**EXERCISE DESCRIPTION**.
Word for word, retype the first line of the records and every following line through the one containing "Giulietta Cocco".

**SOURCE MATERIAL**.
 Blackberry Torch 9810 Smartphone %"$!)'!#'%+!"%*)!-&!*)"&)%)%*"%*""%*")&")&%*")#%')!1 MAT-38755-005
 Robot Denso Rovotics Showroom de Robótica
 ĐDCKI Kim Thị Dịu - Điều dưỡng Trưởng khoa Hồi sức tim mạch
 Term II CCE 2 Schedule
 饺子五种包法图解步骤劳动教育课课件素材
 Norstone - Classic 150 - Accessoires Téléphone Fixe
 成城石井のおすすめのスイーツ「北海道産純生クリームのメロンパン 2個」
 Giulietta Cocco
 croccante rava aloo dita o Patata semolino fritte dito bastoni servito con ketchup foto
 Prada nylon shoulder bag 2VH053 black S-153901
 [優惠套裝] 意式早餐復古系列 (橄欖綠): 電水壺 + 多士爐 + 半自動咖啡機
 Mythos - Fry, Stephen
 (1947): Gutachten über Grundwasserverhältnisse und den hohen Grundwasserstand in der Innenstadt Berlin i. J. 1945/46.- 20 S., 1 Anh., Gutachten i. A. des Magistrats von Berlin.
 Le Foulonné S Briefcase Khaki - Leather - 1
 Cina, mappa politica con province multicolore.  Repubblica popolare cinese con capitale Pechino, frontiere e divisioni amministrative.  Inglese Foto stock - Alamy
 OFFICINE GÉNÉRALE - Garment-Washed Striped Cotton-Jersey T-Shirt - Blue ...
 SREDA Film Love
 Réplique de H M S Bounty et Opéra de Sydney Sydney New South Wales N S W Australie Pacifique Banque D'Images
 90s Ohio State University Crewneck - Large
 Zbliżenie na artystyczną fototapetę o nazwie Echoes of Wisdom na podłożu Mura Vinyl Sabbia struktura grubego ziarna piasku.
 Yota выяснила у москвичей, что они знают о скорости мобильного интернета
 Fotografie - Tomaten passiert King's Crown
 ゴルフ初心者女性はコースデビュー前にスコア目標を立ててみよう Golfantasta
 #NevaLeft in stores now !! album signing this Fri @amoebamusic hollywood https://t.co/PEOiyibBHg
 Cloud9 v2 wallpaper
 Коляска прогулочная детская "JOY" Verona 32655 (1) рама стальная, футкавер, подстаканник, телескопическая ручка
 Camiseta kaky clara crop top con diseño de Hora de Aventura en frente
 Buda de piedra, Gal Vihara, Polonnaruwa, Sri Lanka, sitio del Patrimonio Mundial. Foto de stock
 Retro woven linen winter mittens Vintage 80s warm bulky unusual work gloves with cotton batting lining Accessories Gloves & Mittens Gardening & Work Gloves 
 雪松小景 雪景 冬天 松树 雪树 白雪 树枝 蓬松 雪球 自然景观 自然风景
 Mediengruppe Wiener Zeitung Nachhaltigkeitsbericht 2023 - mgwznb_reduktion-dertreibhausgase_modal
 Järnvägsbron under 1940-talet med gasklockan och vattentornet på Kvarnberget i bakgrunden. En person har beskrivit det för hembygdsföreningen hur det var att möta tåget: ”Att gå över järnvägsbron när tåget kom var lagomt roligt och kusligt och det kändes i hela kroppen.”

**REPLY**.
 Blackberry Torch 9810 Smartphone %"$!)'!#'%+!"%*)!-&!*)"&)%)%*"%*""%*")&")&%*")#%')!1 MAT-38755-005
 Robot Denso Rovotics Showroom de Robótica
 ĐDCKI Kim Thị Dịu - Điều dưỡng Trưởng khoa Hồi sức tim mạch
 Term II CCE 2 Schedule
 饺子五种包法图解步骤劳动教育课课件素材
 Norstone - Classic 150 - Accessoires Téléphone Fixe
 成城石井のおすすめのスイーツ「北海道産純生クリームのメロンパン 2個」
 Giulietta Cocco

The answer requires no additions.